The best bet would be a tutor that can put you through the ropes. I have trained several other people. Another key is to look at many different species over and over again. Things like color, aroma, grain, also come into play.

We could do a tutorial if there is enough interest. We could pick species of interest, then dissect the characteristics that lead to identification. If you had a piece of that species, you could observe your own sample and learn the characteristics.


----------



## RGtools (Feb 18, 2011)

"The wood handbook for craftsmen" describes how to ident wood pretty well. I like WDHLT15's idea.


----------



## Chipncut (Aug 18, 2006)

*Hi, WDHLT15!

I think a tutorial would be an excellent thing.

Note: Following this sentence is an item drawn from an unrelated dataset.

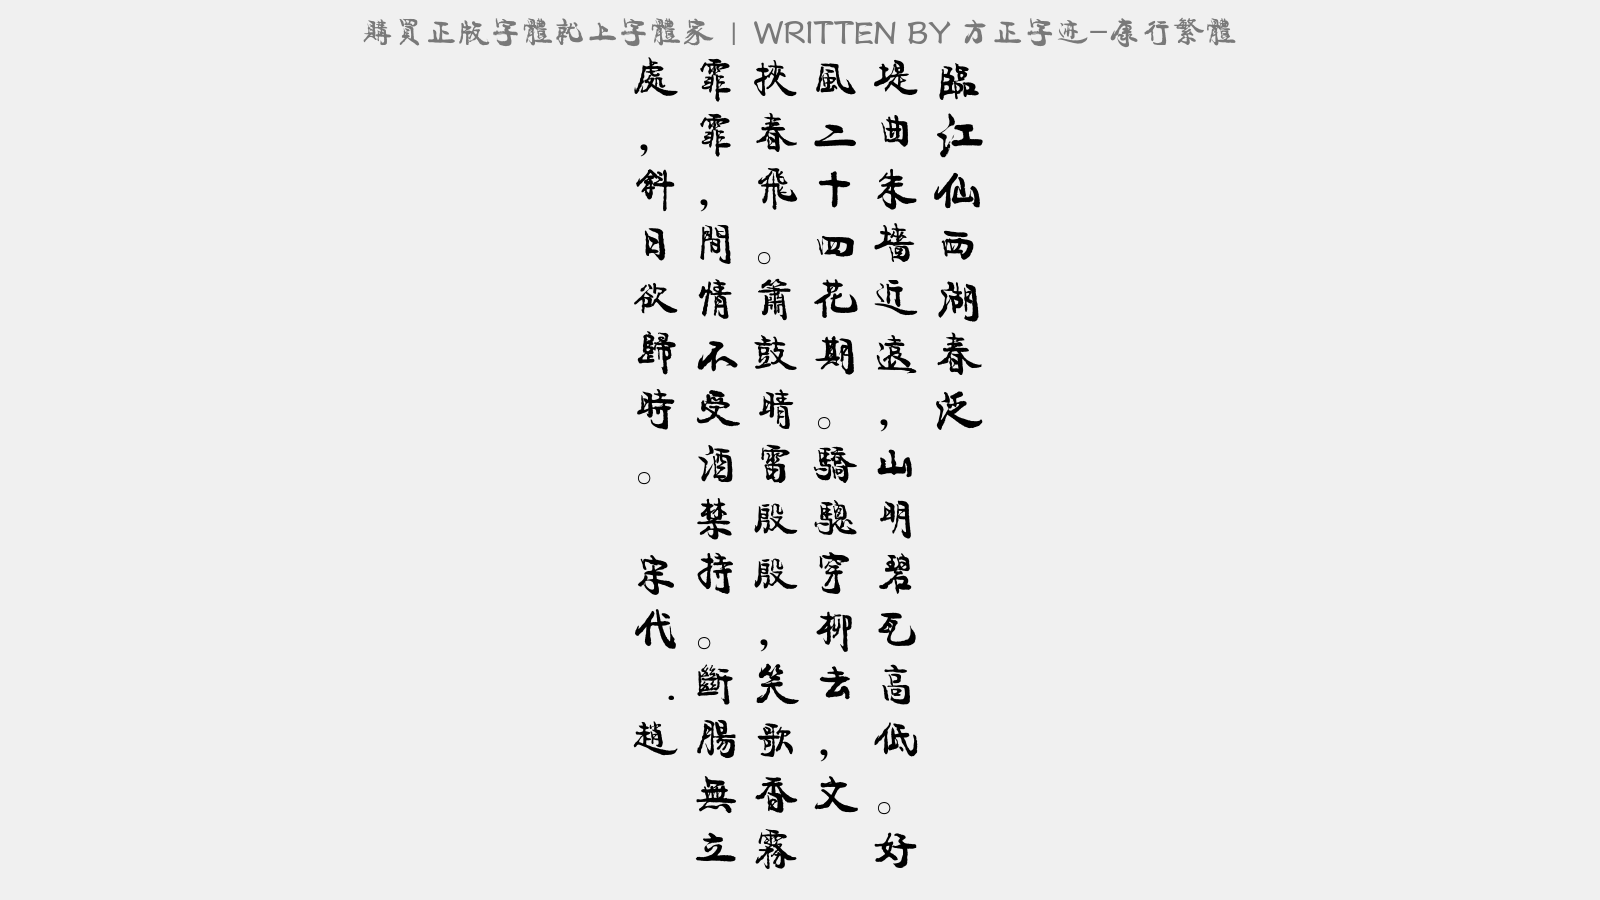 方正字迹 康行繁体免费字体下载 中文字体免费下载尽在字体家

I worked with a wood technologist quite a few years ago, & he always carries a 10X magnifier in his pocket. He would look at the end grain, & would compare it to pictures in a book he had.*

Here's an example of Red Oak.


----------



## WDHLT15 (Aug 15, 2011)

Yes, that is a great site. It prominently shows the open pore structure in the red oaks.


----------



## Kindlingmaker (Sep 29, 2008)

Sorry, I have to do this…
There are two types of wood, Good Wood and Poor Wood. Good Wood is free wood and Poor Wood is something I have to buy!


----------



## joeybealis (Jul 16, 2011)

This is all very interesting but after being in the cabinet business for a few years I can usually get it in at least the right family by taste. Eating enough dust for enough years and you just know.


----------



## leonmcd (Jul 12, 2007)

The following is something we started here several years ago. Still good information. Could use more contributions.

LumberJocks Wood Library


----------



## leonmcd (Jul 12, 2007)

Just discovered that all the links in the LumberJocks Wood Library were broken.

I've corrected them so if they failed for you before, they should work now. Take another look.


----------